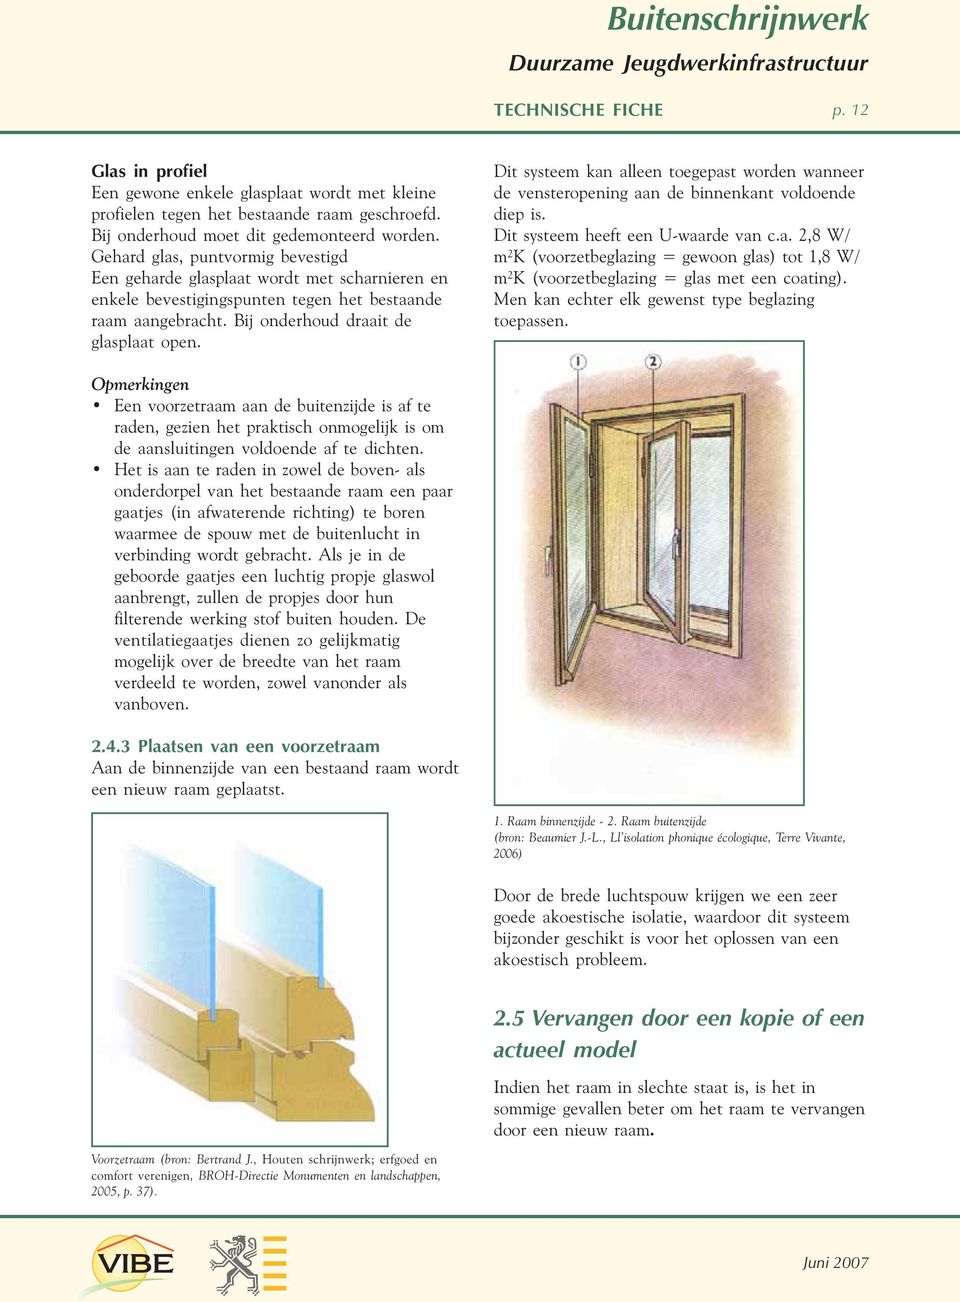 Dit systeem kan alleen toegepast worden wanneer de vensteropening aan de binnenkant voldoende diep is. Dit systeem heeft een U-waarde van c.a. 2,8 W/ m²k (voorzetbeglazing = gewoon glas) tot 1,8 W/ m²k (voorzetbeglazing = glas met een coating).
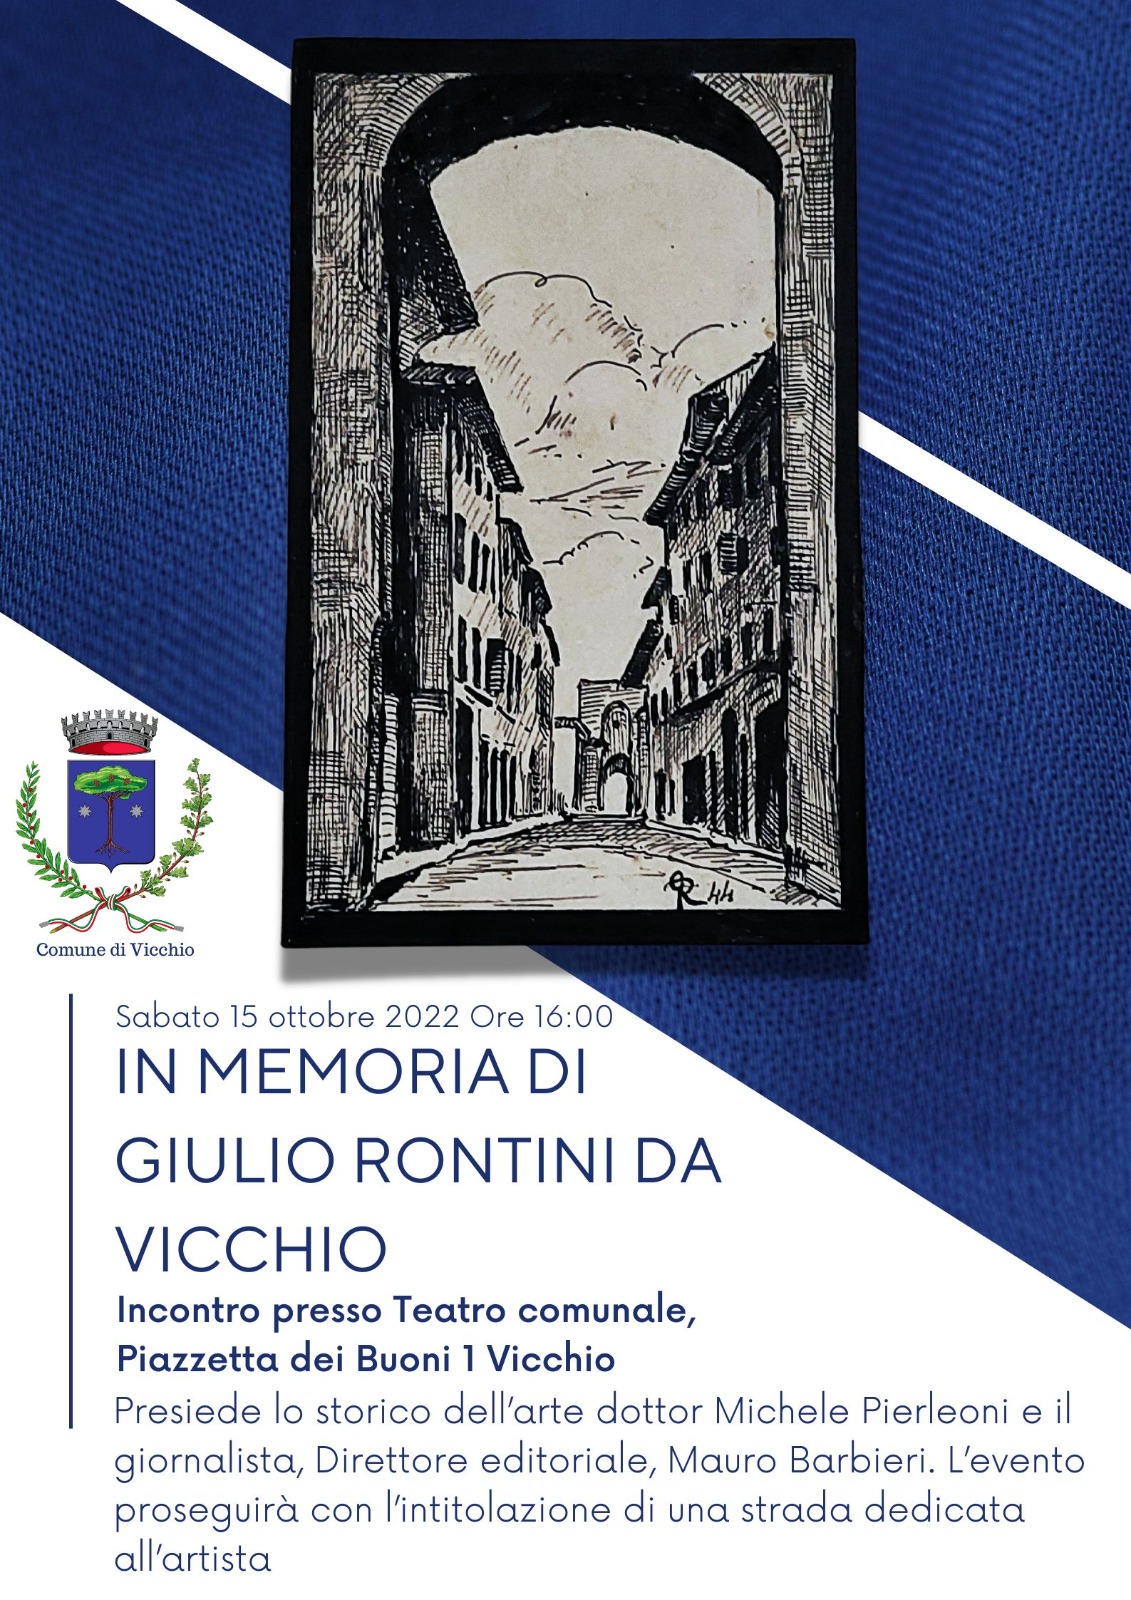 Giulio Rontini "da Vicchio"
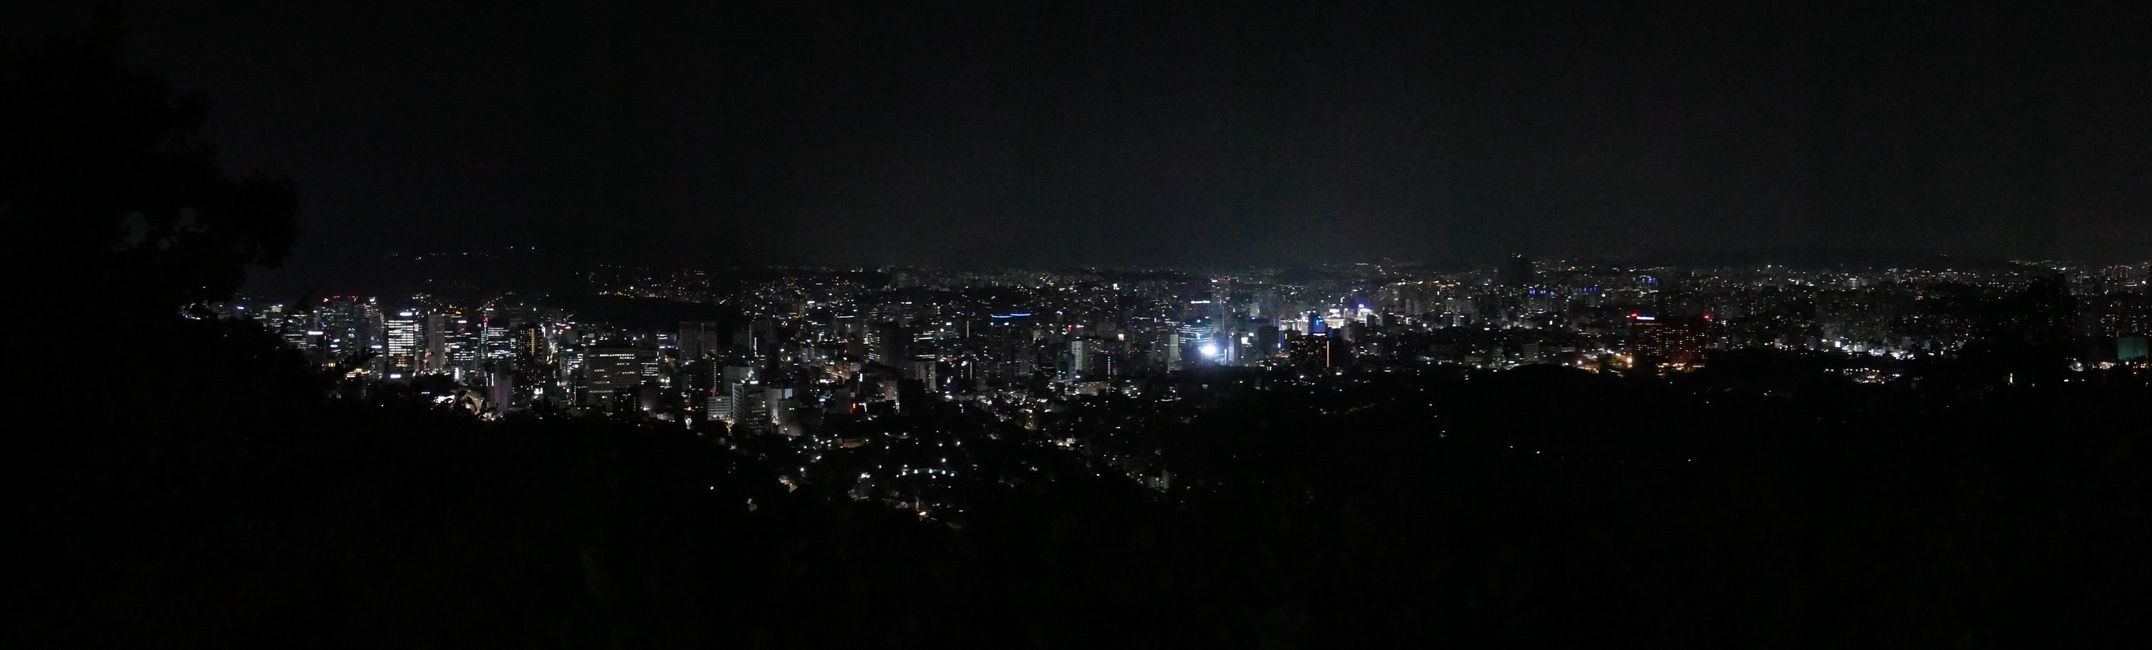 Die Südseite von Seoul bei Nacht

● Prompt
The data is to be returned exactly as it stands, pictures aside.

● Result of the task
 Dit systeem kan alleen toegepast worden wanneer de vensteropening aan de binnenkant voldoende diep is. Dit systeem heeft een U-waarde van c.a. 2,8 W/ m²k (voorzetbeglazing = gewoon glas) tot 1,8 W/ m²k (voorzetbeglazing = glas met een coating).
 Giulio Rontini "da Vicchio"
 Die Südseite von Seoul bei Nacht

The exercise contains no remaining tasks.